契約結婚はつたない恋の約束⁉︎
「……先生、まだそんなこと言ってるんですか?わたしだって、そろそろ東京に戻らないといけないんです。せっかく京都に来てるのに、夫のところにもろくに行けてないっていうのに」
階段の上から、しのぶの声がした。
京都の大学に籍を置く佐久間と、東京の大手出版社に勤務するしのぶは、結婚した当初から別居婚だった。結婚してもうすぐ五年になるが子どもがいないのは、多分にその理由からだ。
「……別に、行かなくていいだろう」
男の声が聞こえてきた。「作家」の声のようだ。
……男の先生やってんやわぁ。
栞はそれすら聞かされていなかったことに、たった今、気づいた。
……大丈夫かなぁ?何歳くらいの先生やねやろ?
「なにを言ってるんですか?わたしと夫を離婚させる気ですか?……とにかく、わたし、階下に降りますからね。

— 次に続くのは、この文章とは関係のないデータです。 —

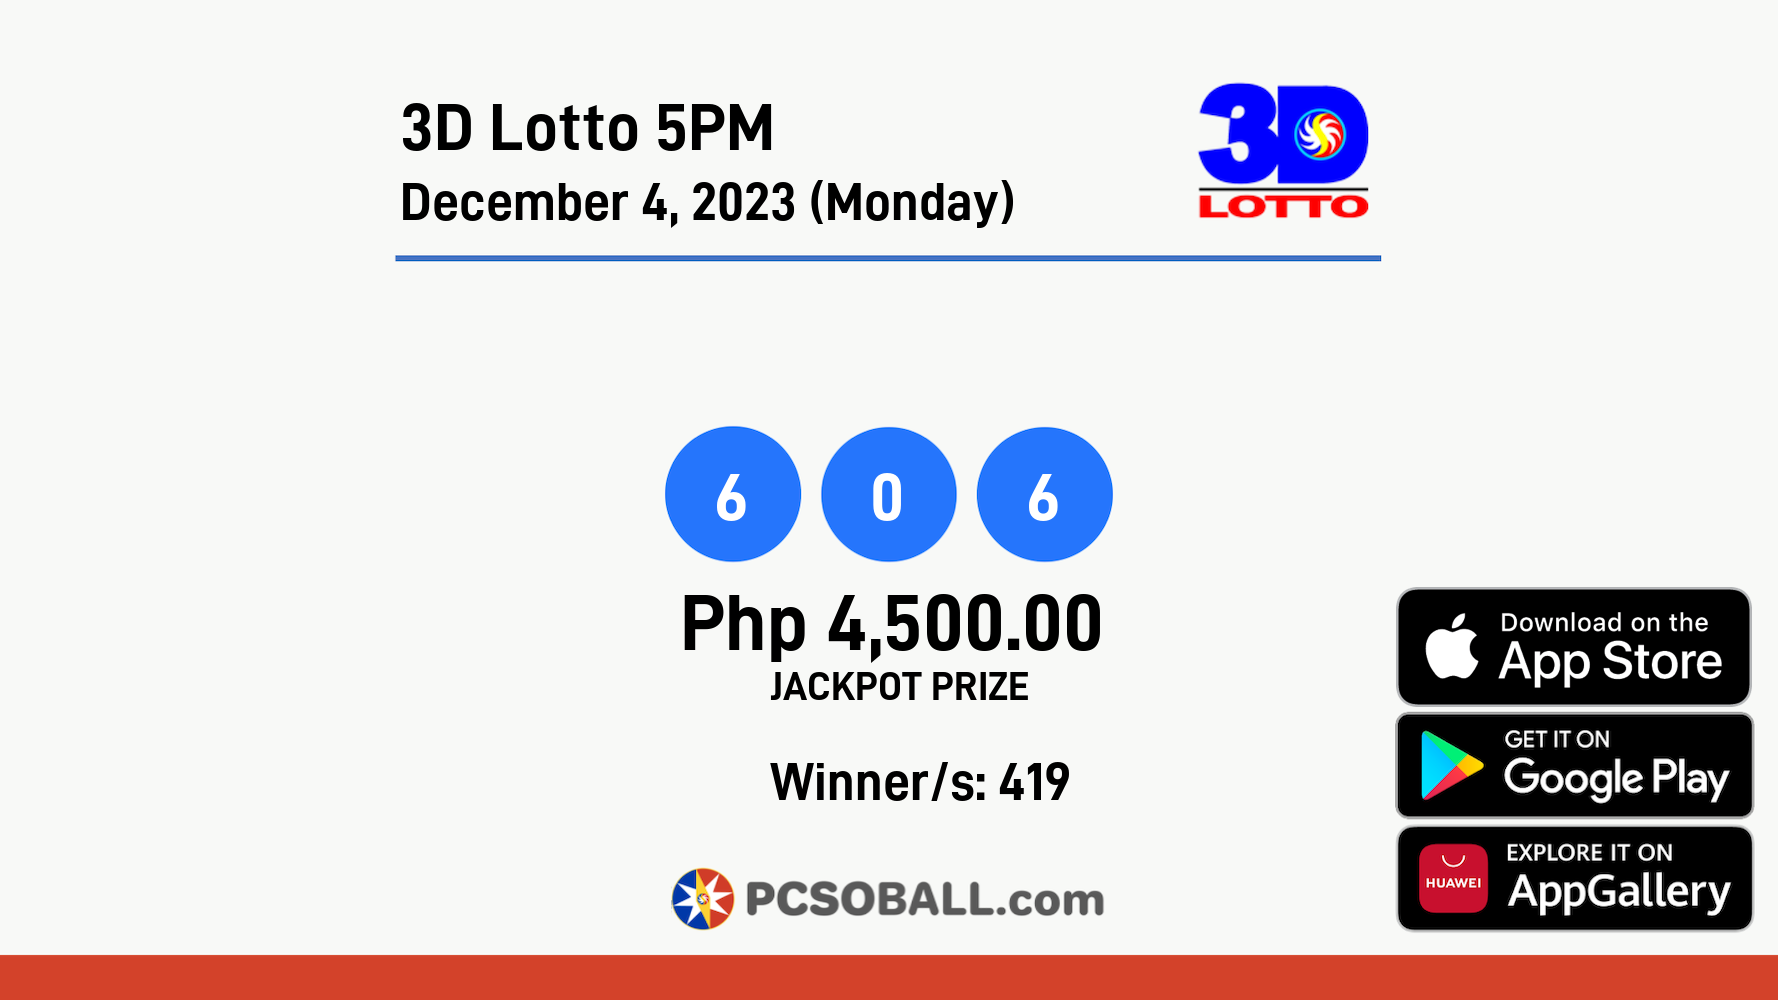 3D Lotto 5PM December 4, 2023 (Monday) Result

彼女をあまり、待たせるわけにはいきませんし」
しのぶが階段を降りてきた。
「はっ、どうせ家政婦なんだから、おふくろくらいの歳のオバサンなんだろ?
……なんで、そんなオバサンと二人っきりでこんな場所に住まなきゃなんないんだよ?」
作家の声はとても不機嫌そうだった。
「それに、東京にいれば遊んでばっかりって言うんなら、せめてNYとかLAにしろよ?
なんで、よりによって京都なんだよ?
しかも、ここって……本当に京都かよ?」
……たぶん不動産登記簿謄本には「京都府」として記載されているでしょうけれど、実際には限りな〜く「奈良県」です。
と、栞は心の中で思った。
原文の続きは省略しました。